Saturday, 18 July 2015

Science: Discovery Of Massless Weyl Fermion Particle Could Revolutionize Electronics

July 17, 2015 | by Jonathan O'Callaghan
IFLSCIENCE.COM

Two separate teams of researchers have found evidence for a theorized type of massless particle known as a “Weyl fermion.” The discovery was made by scientists at Princeton University in New Jersey and the Massachusetts Institute of Technology, and could herald a whole new age of better electronics.
Weyl fermions were first hypothesized by German mathematician and physicist Hermann Weyl in 1929. They were proposed as being among the building blocks of subatomic particles, and were also said to be unique in that they would have no mass and also behave as both matter and antimatter – which has the same mass but opposite charge and other properties to regular matter – inside a crystal.

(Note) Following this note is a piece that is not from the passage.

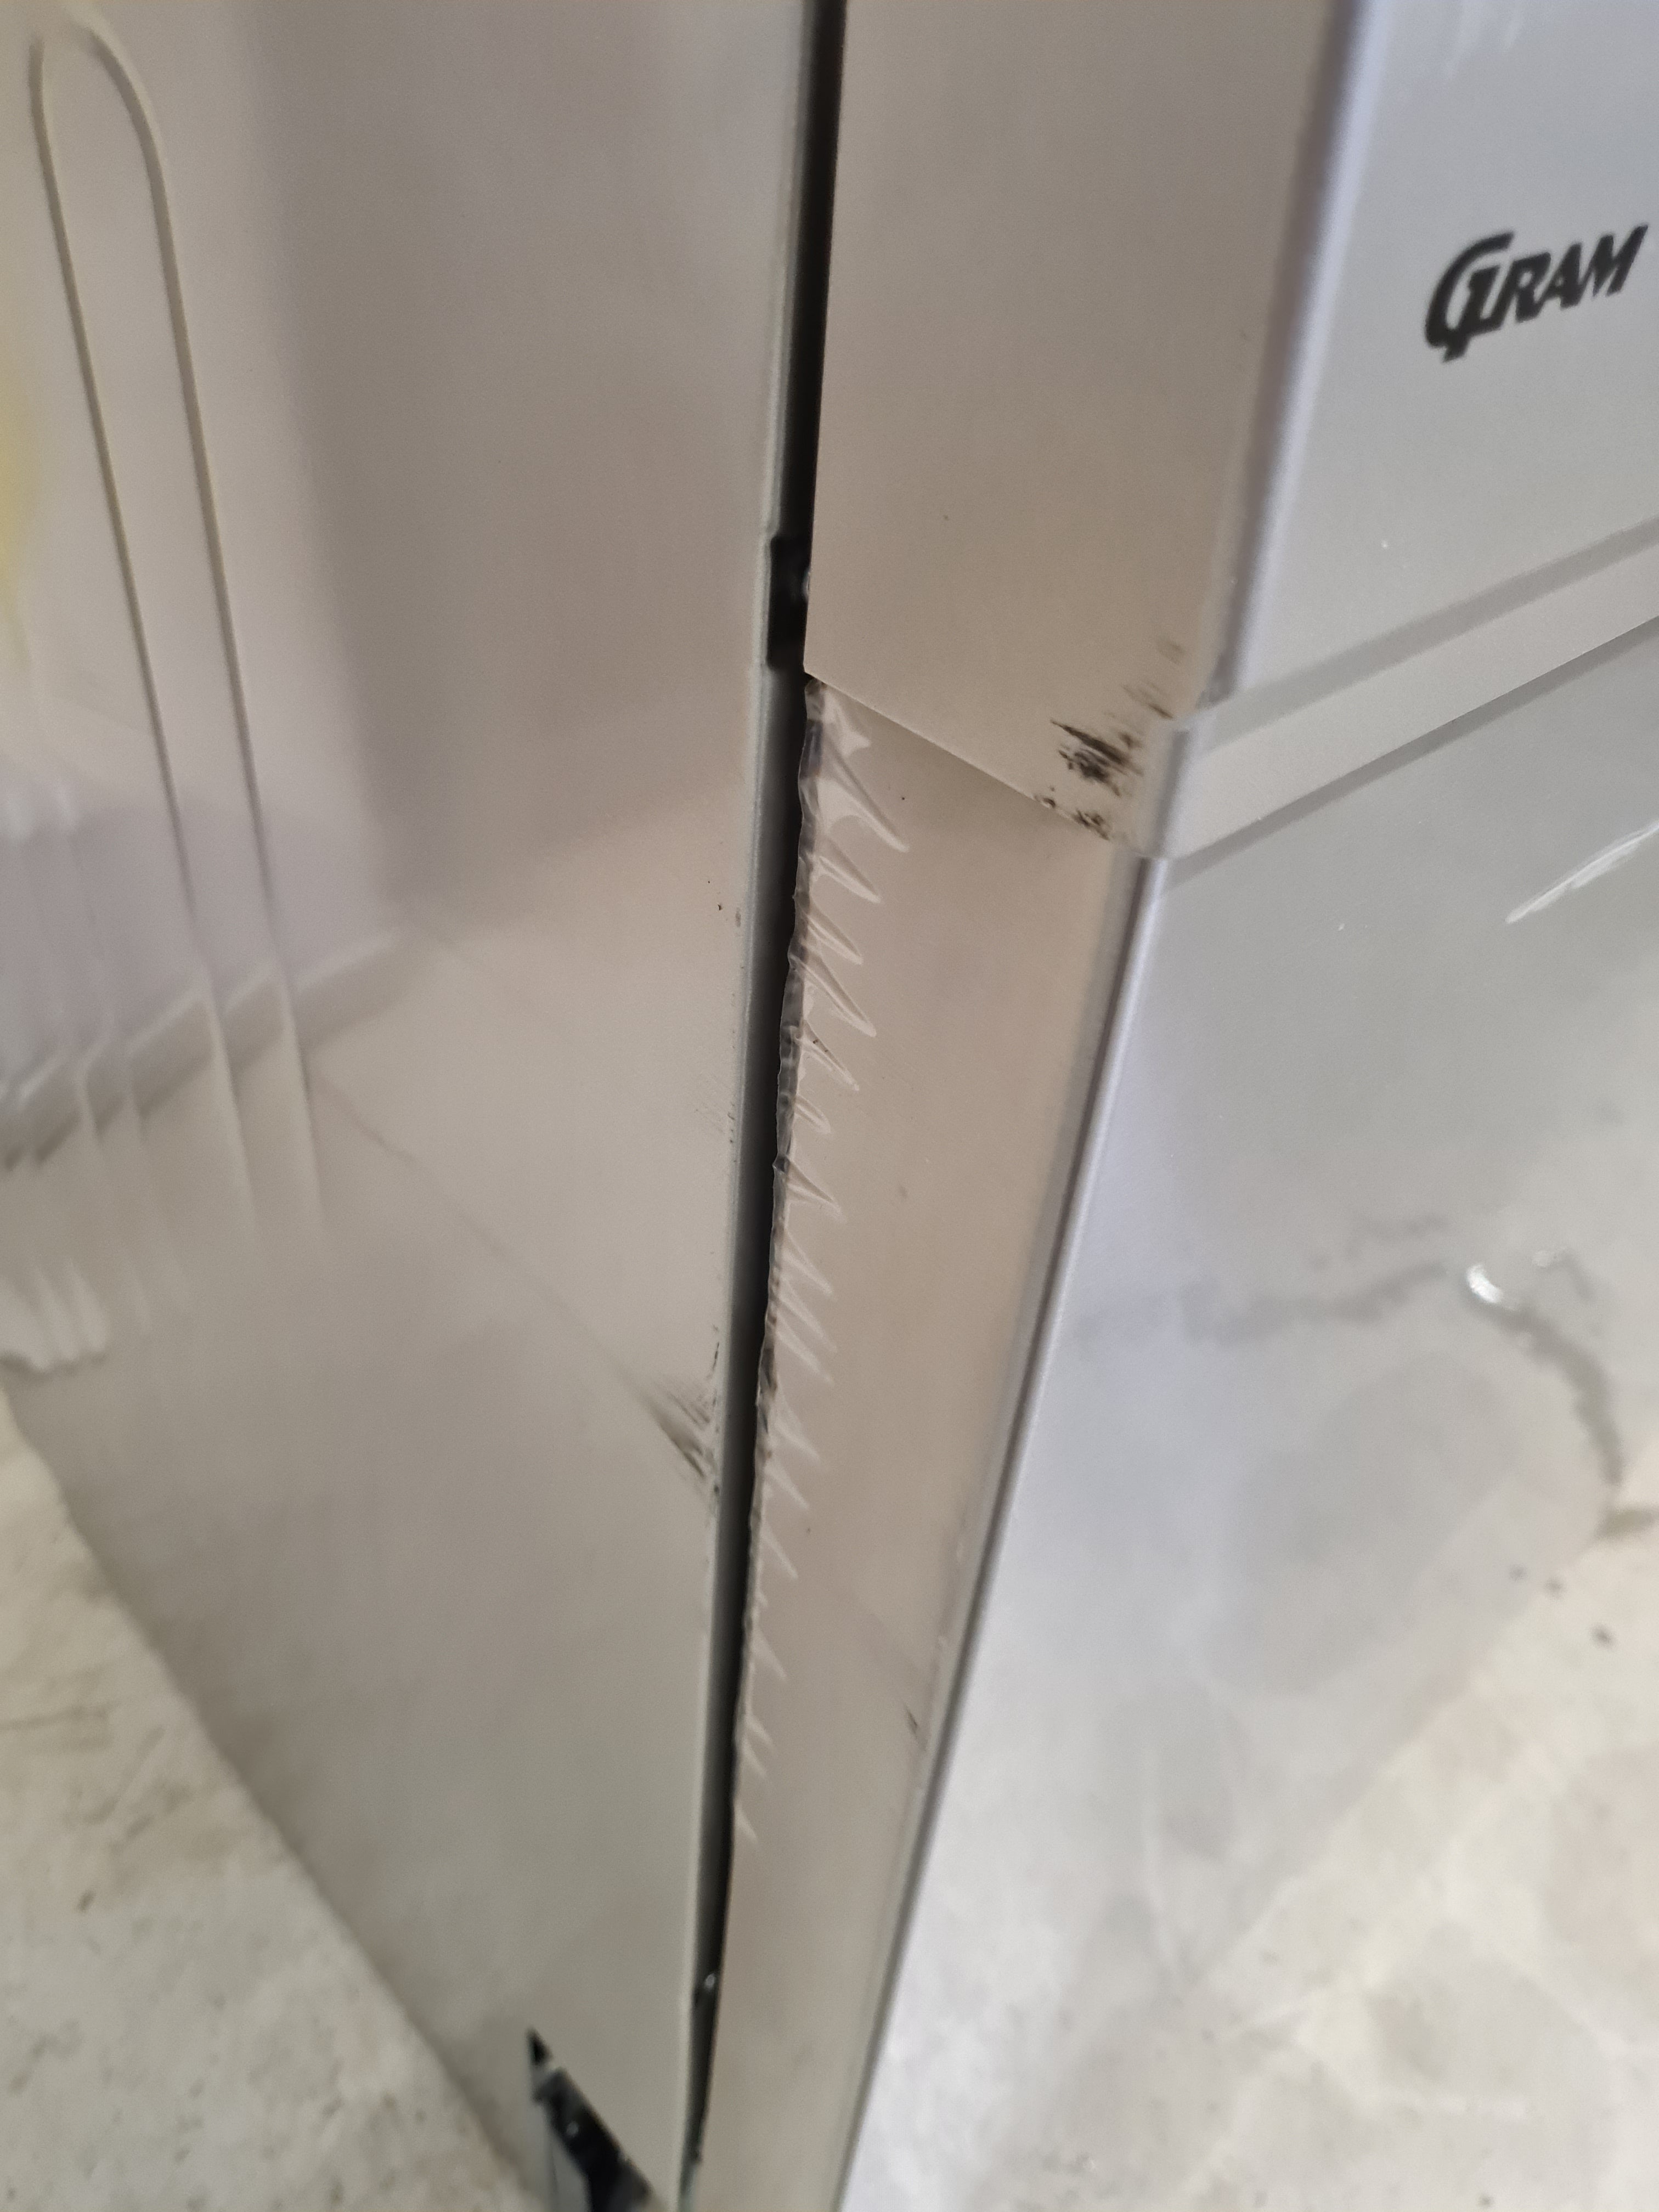 Gram oppvaskmaskin OM 6100-90 TX Rustfritt stål

Initially, they were wrongly identified as neutrinos, until it was found in 1998 that neutrinos have a very small amount of mass. Now the researchers say they have solved the 85-year-old mystery for good. The research by both teams was published in the journal Science.

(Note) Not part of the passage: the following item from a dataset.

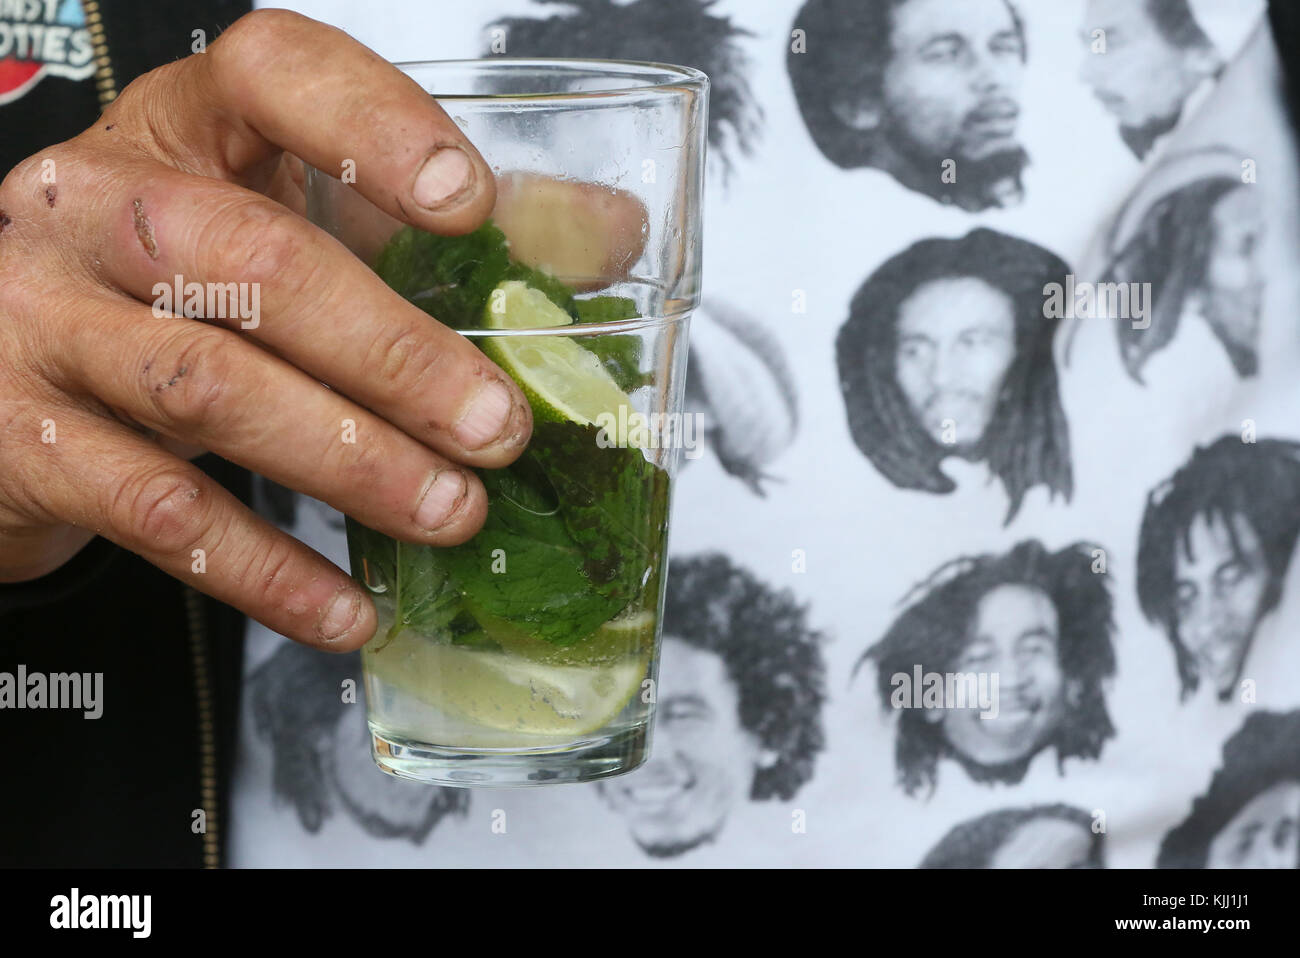 Un homme portant un t-shirt Bob Marley & boire un mojito. La France. Banque D'Images

They found the fermions independently by firing photons at crystals of a semi-metal called tantalum arsenide, which has properties between an insulator and a conductor. They cannot exist by themselves as standalone particles, but instead exist as quasiparticles – a "disturbance" in a medium that behaves like a particle. “In other words, they are electronic activity that behaves as if they were particles in free space,” IEEE explains.